# Homework 2: Prompting & Generation with LMs (50 points)

The second homework zooms in on the following skills: on gaining a deeper understanding of different state-of-the-art prompting techniques and training your critical conceptual thinking regarding research on LMs. 

### Logistics

* submission deadline: June 2nd th 23:59 German time via Moodle
  * please upload a **SINGLE .IPYNB FILE named Surname_FirstName_HW2.ipynb** containing your solutions of the homework.
* please solve and submit the homework **individually**! 
* if you use Colab, to speed up the execution of the code on Colab, you can use the available GPU (if Colab resources allow). For that, before executing your code, navigate to Runtime > Change runtime type > GPU > Save.


## Exercise 1: Advanced prompting strategies (16 points)

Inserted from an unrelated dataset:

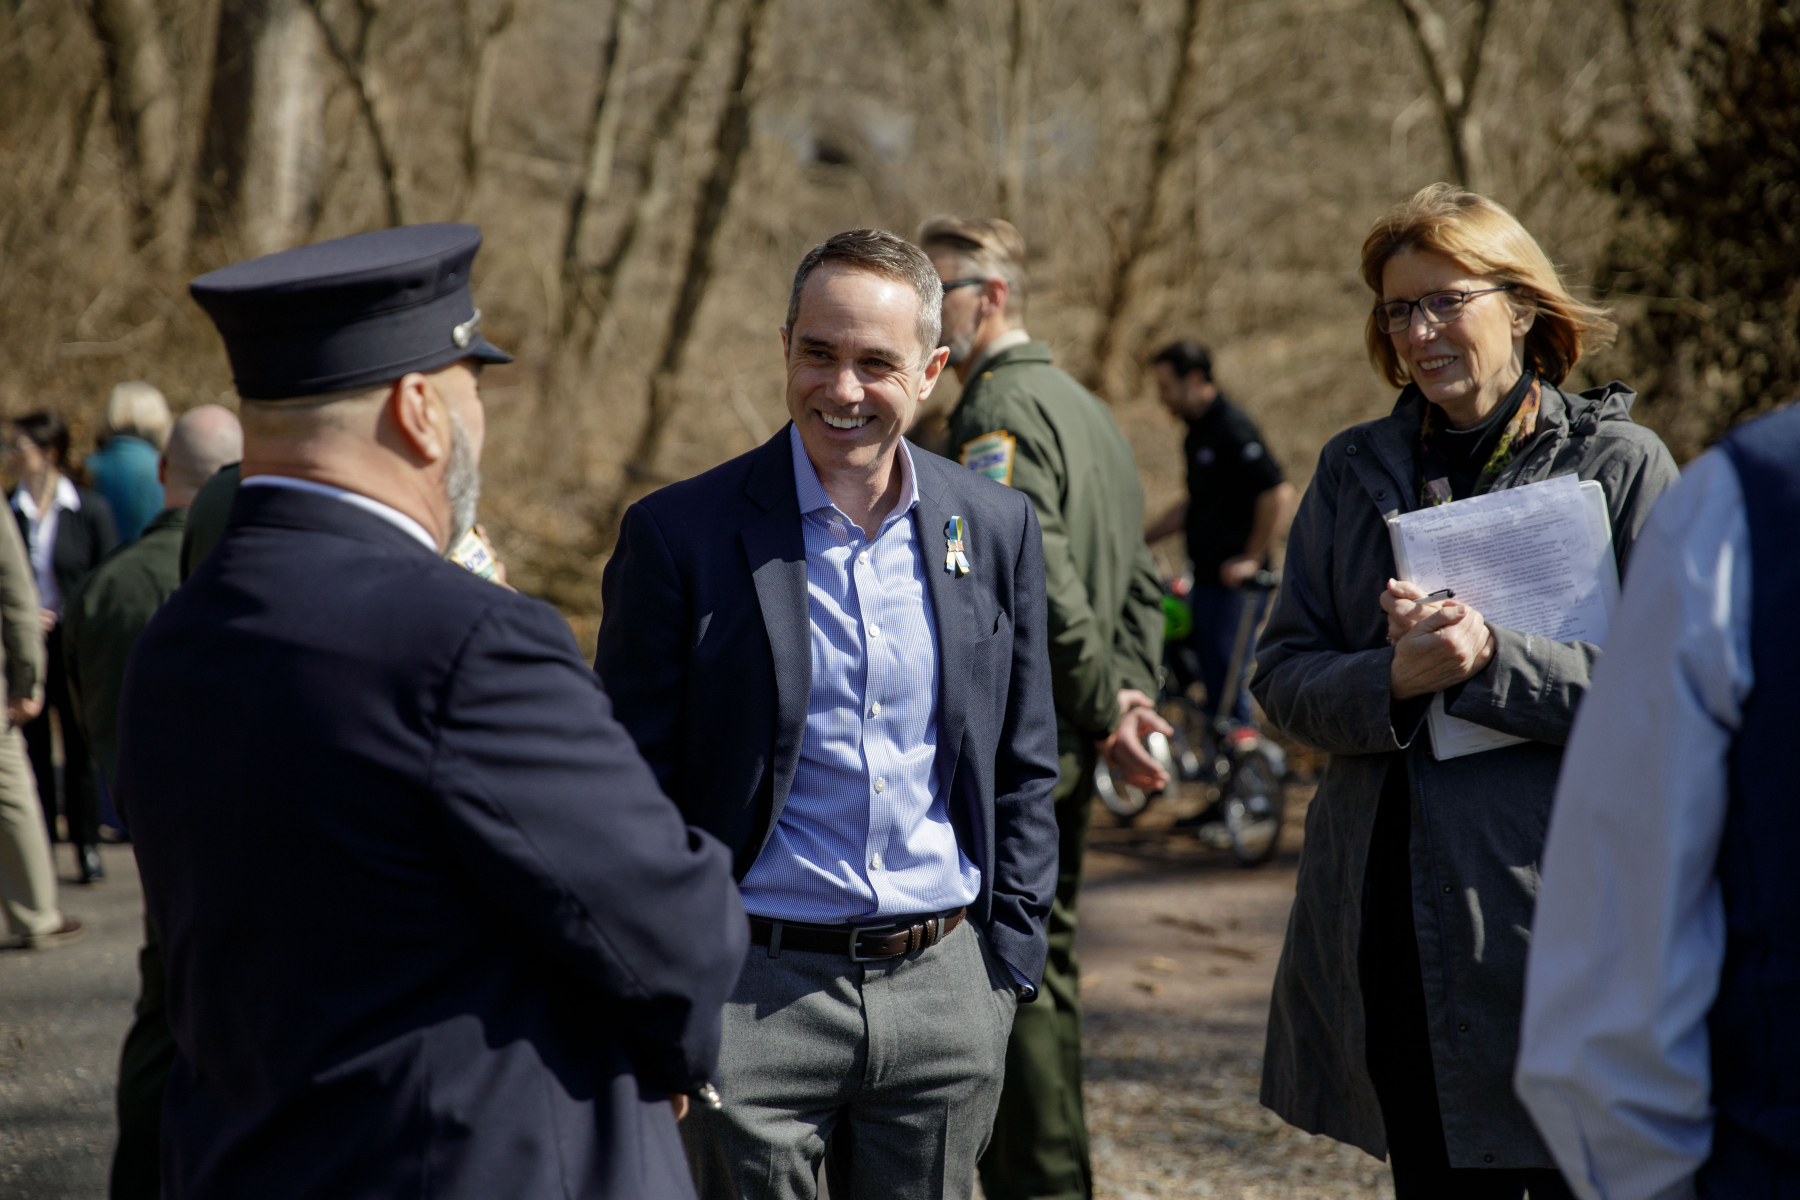 March 11, 2022: 9/11 Memorial Trail State Greenway Dedication with DCNR Secretary Dunn

The lecture discussed various sophisticated ways of prompting language models for generating texts. Please answer the following questions about prompting techniques in context of different models, and write down your answers, briefly explaining them (max. 3 sentences). Feel free to actually implement some of the prompting strategies to play around with them and build your intuitions.

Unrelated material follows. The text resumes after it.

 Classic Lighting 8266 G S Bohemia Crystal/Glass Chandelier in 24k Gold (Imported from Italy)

> Consider the following language models: 
> * GPT-2, GPT-4, Vicuna (an instruction-tuned version of Llama) and Llama-2-7b-base.
>  
> Consider the following prompting / generation strategies: 
> * beam search, tree-of-thought reasoning, zero-shot CoT prompting, few-shot CoT prompting, few-shot prompting.
> 
> For each model, which strategies do you think work well, and why? Do you think there are particular tasks or contexts, in which they work better, than in others?

### My Answer
1. GPT-2: Few-shot prompting works well for GPT-2 due to its lack of advanced reasoning capabilities, allowing it to mimic examples and patterns more effectively.
2. GPT-4: Given the fact that GPT-4 is the a advanced, few-shot CoT prompting works well and is excellent for complex, multi-step tasks such as math problems or logical reasoning.
3. Vicuna: Few-shot prompting and zero-shot CoT prompting are well-suited to Vicuna, which benefits from instruction-tuning to follow prompts effectively.
4. Lama-2-7b-base: Few-shoting promoting is effective as the model is rather basic and needs guidance for examples. 

## Exercise 2: Prompting for NLI & Multiple-choice QA (14 points)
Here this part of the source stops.